5. MAX Deployment Architecture
MAX deployment is fully isolated from PhD/PRO, three layers:
6. 84-Second Video Walkthrough
The demo video is 84 seconds. Key timestamps:
| Timestamp | Visual | Description |
|---|---|---|
| 0-15s | Road-data scan interface | OpenClaw reading last 100 hands, extracting banker/player ratio, dragon/break patterns |
| 15-30s | Signal output | Lobster AI outputs: banker 87% / player 11% / tie 2%, confidence 0.91 |
| 30-50s | Risk engine | Checks user params: max bet 5000, today's P/L +8000, no stop-loss yet. Decision: bet 4500 (10% buffer) |
| 50-70s | Humanized bet | OpenClaw-trained 'human player' module operates platform: random 800ms delay, amount 4280-4720, slight click offset |
| 70-84s | Real-time review | Bet success, account balance +4280 (+95.1% accuracy), auto-log to user journal |
7. Launch Data + Roadmap
Sep 30 official launch. First batch of 5 VIP test clients:
| Client | Principal | Day 1 P/L | Status |
|---|---|---|---|
| Client A | 5M | +620k | Normal |
| Client B | 2M | +180k | Normal |
| Client C | 10M | -450k | Stop-loss triggered, notified |
| Client D | 3M | +240k | Normal |
| Client E | 1.5M | +120k | Normal |
Roadmap:
- W13 (Oct 7): Open 10 more VIP slots
- W14 (Oct 14): OpenClaw Lobster AI v2.0 (iterated on first-week data from 5 VIP clients)
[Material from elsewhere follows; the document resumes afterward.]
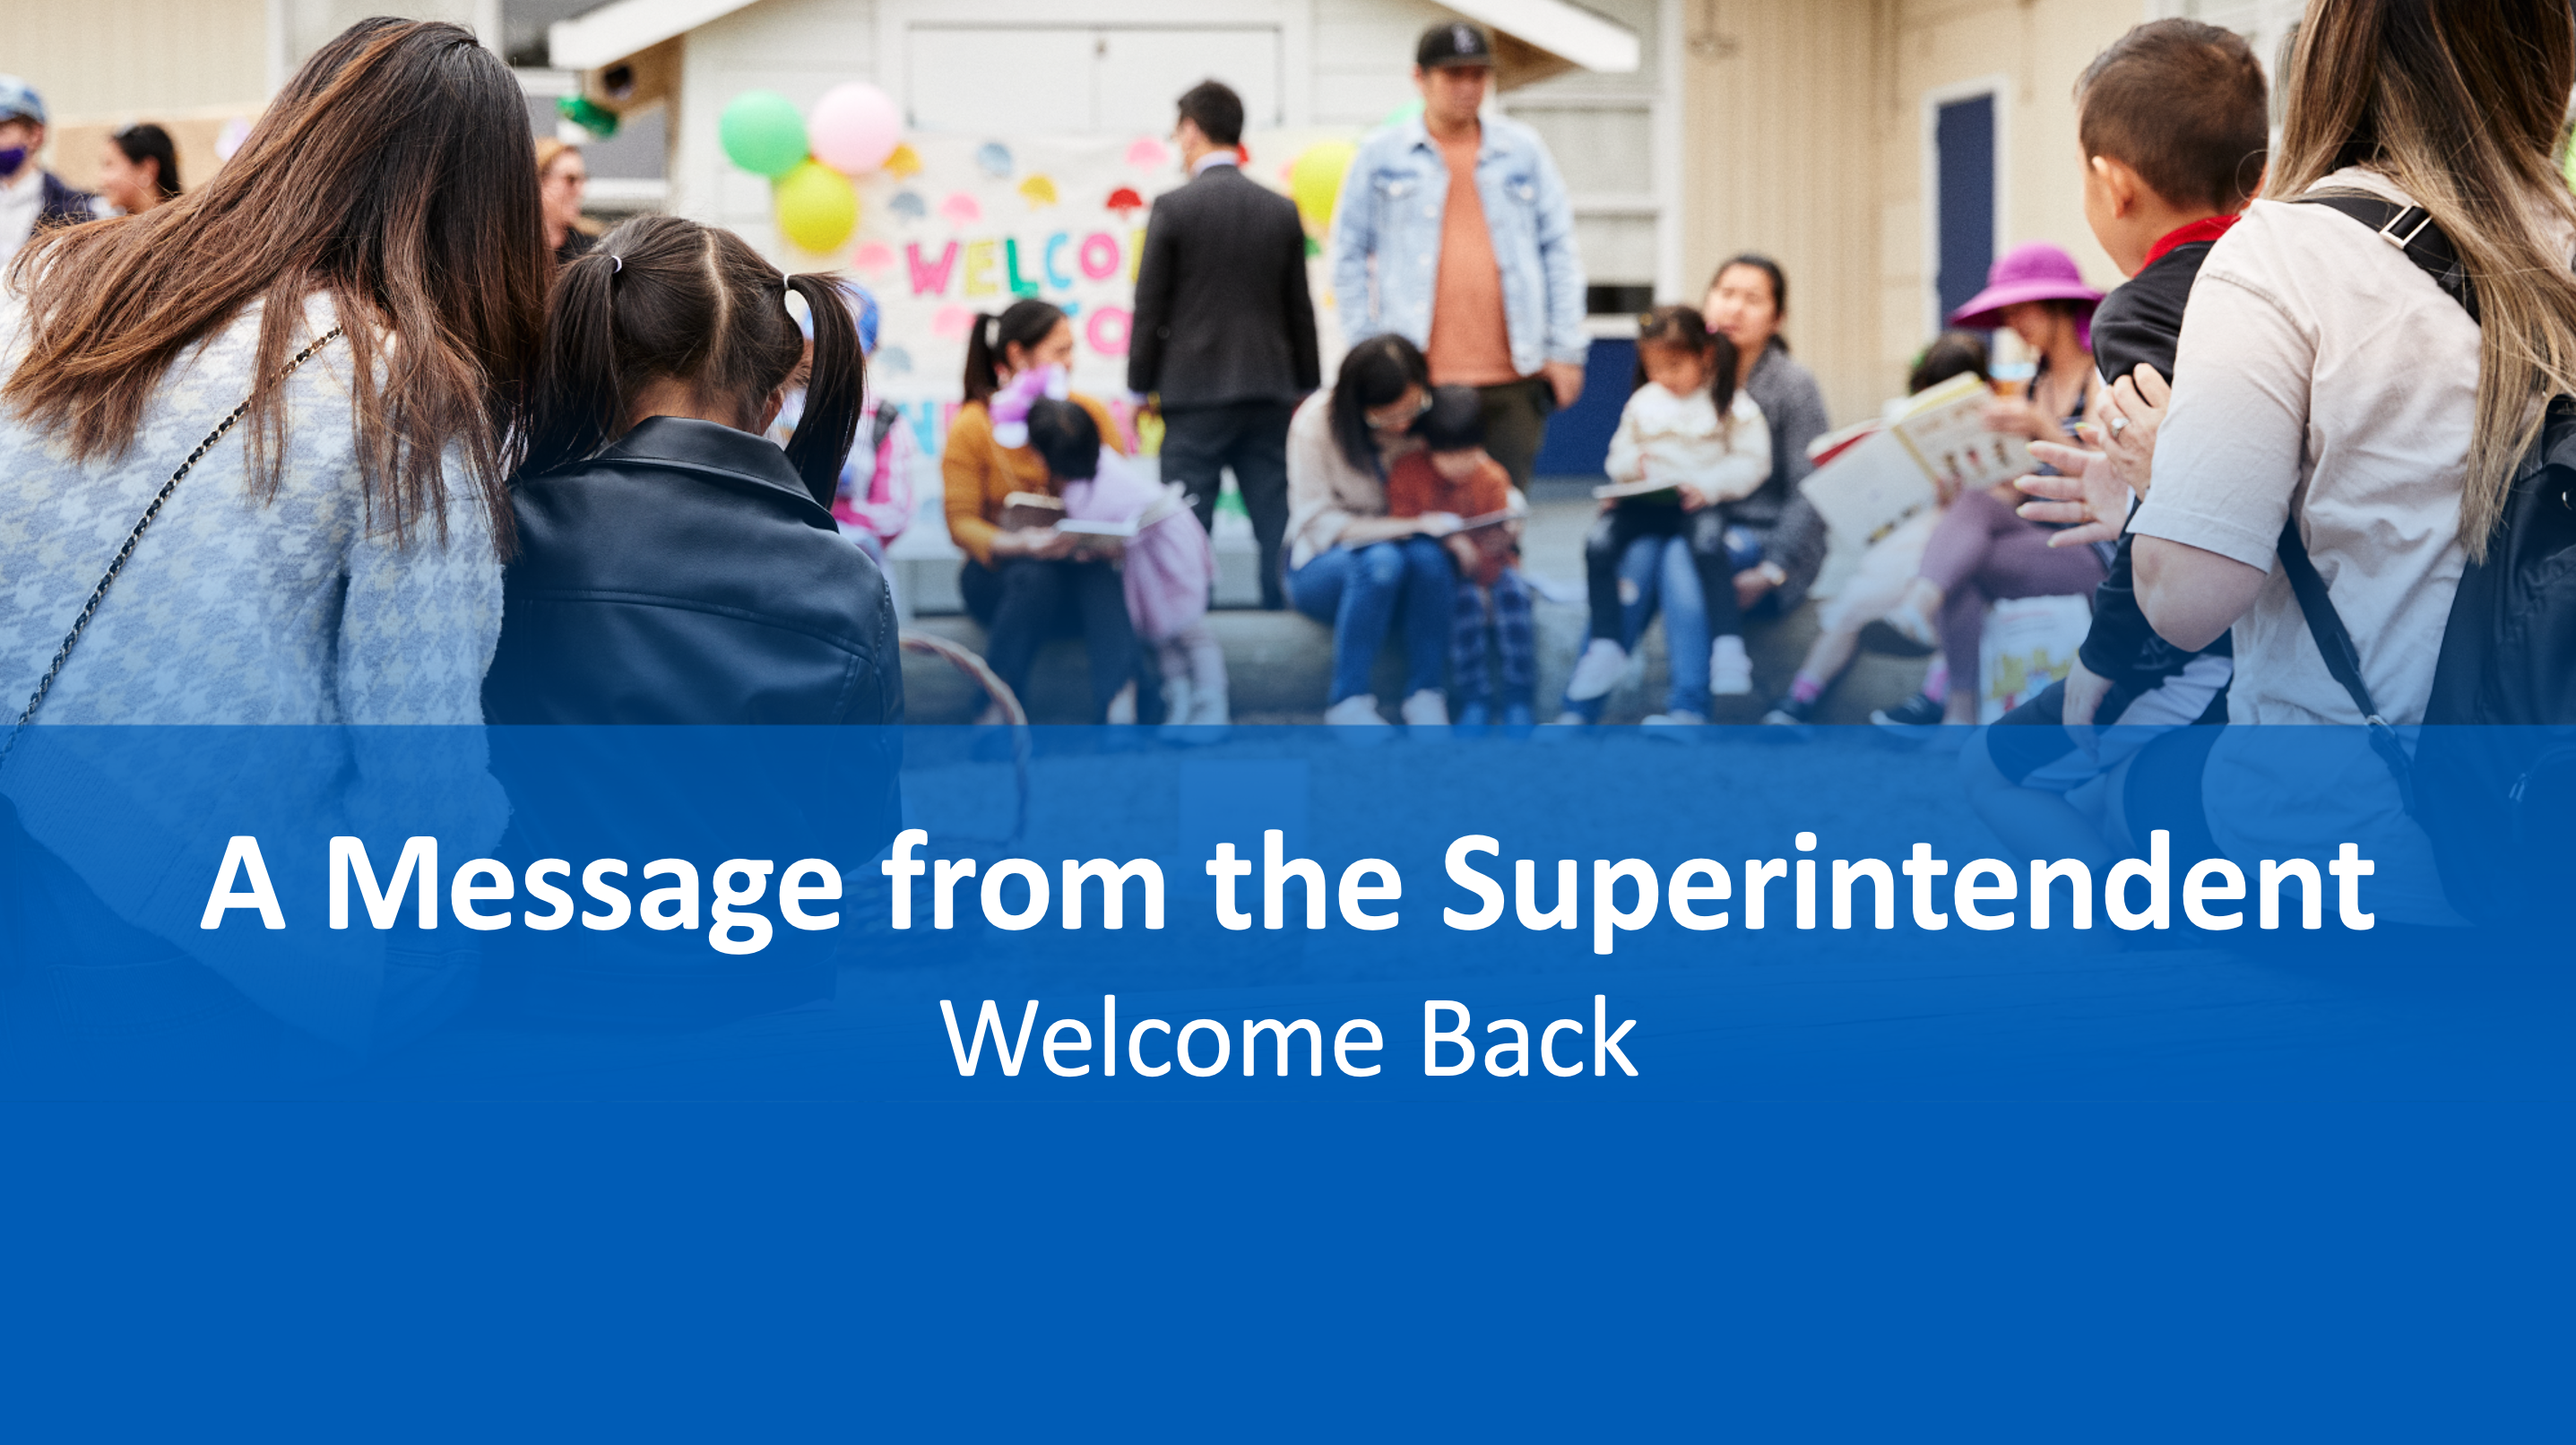 A Message from the Superintendent - Welcome Back

- W15 (Oct 21): PhD + MAX linkage mode (PhD study by day, MAX auto by night)
- 2026 Q4: MAX mobile app (iOS + Android, remote monitoring + one-tap start/stop)
Want to try MAX?
MAX opens only 5 VIP slots per month. 3 slots remaining this quarter.
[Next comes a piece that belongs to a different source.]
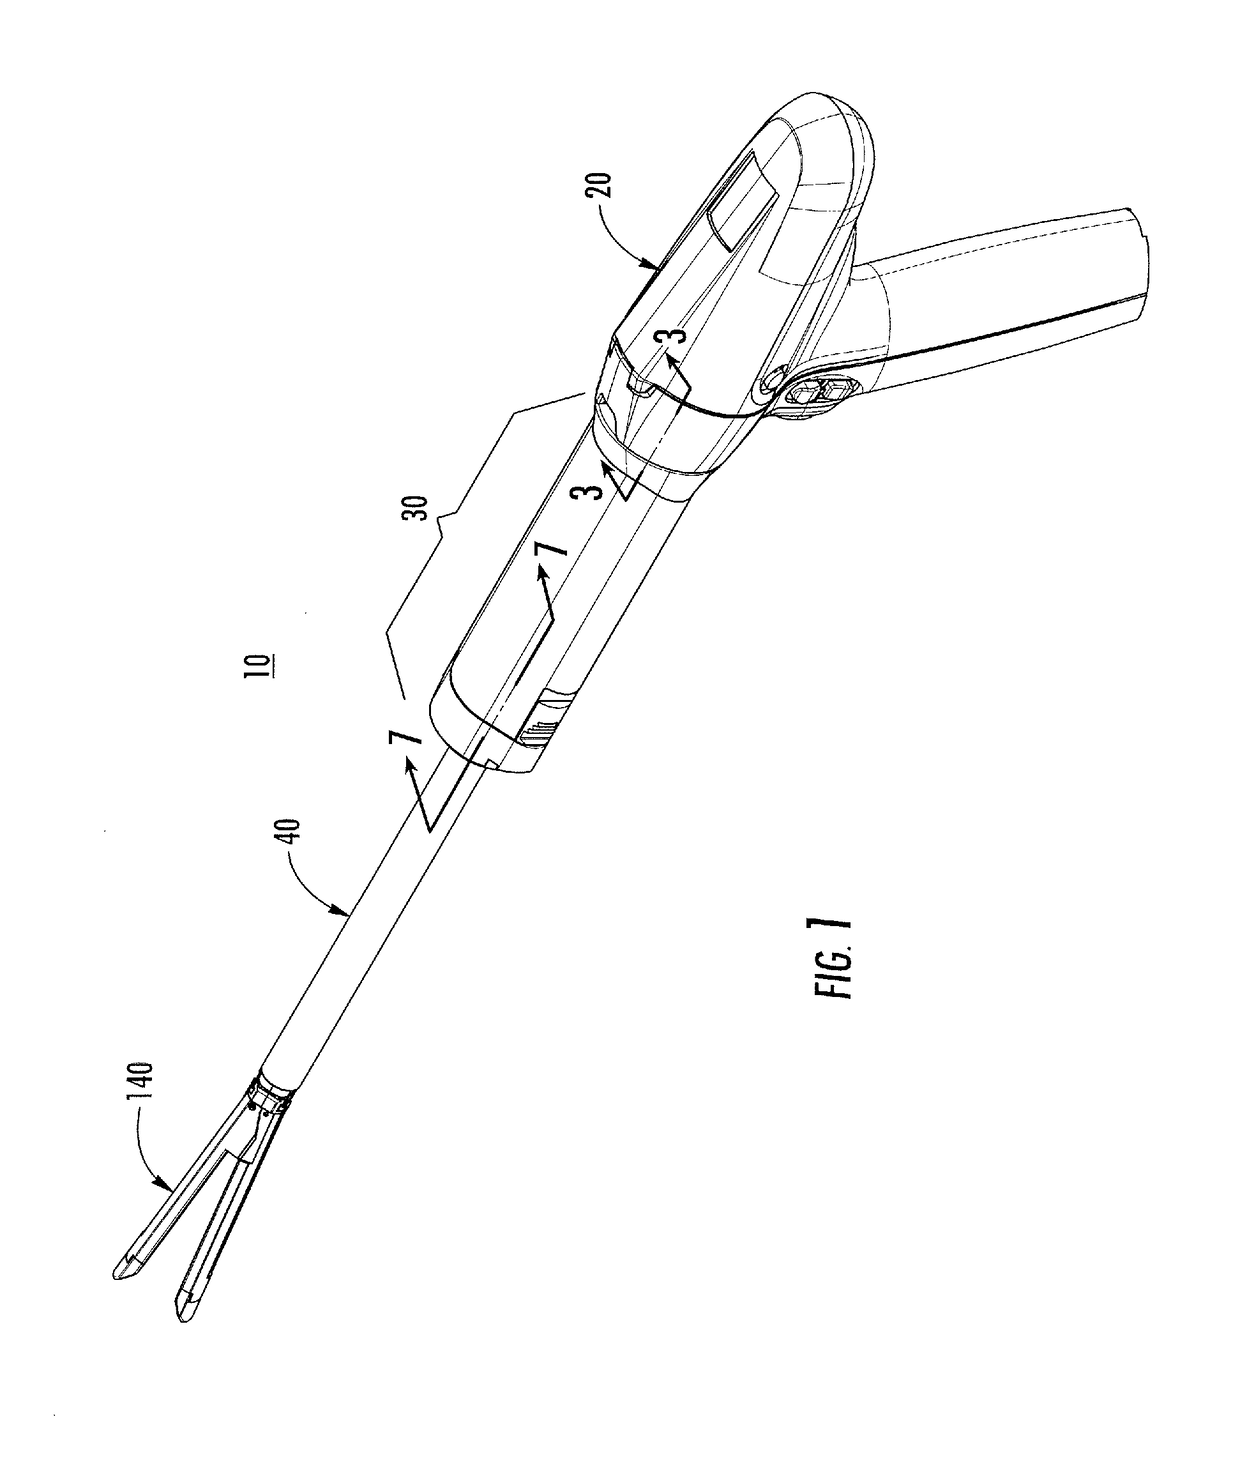 Non-contact surgical adapter electrical interface

Eligibility: monthly disposable capital ≥ 5M + 30-min video interview + signed service agreement
📞 Apply for MAX NowFAQ
Q1: What's the biggest difference between MAX and PhD/PRO?
PhD is a data-scanning tool (you manually read signals), PRO is a manual decision aid (you see AI prompts and click), MAX is true full-auto (the system bets for you). The three form the 'scan → decide → execute' chain. PhD/PRO cover the first two segments; MAX adds the third.
Q2: Can MAX really achieve 99.99% win rate?
Let me break this down honestly: 99.99% is the per-hand signal accuracy (OpenClaw Lobster AI on a 10,000-hand historical backtest), NOT 'wins every hand.' Baccarat is fundamentally a 50/50 game — no AI can guarantee 100%. MAX's real value is dynamic risk control: heavy bet when high-confidence, skip when low-confidence, stop-loss on consecutive losses.
Q3: How is the $110,000/month pricing set?
Cost breakdown: 8xRTX 5090 dedicated server ~$4,000/month, OpenClaw Lobster AI inference power ~$1,200/month, 24/7 VIP support team of 3 ~$15,000/month, model iteration + backtest GPU time ~$8,000/month, plus bandwidth, compliance, and emergency reserve. Single-user pricing of $110,000/month covers all costs with reasonable operating margin.
Q4: Won't live casinos detect AI betting?
OpenClaw Lobster AI includes a 'humanization' module: 1) Bet amount random fluctuation ±15%; 2) Random delay 200ms-2s; 3) Occasional intentional small losses. To be honest, no solution is 100% undetectable, so MAX contractually includes: if suspected flagging occurs, auto-stop immediately and notify user.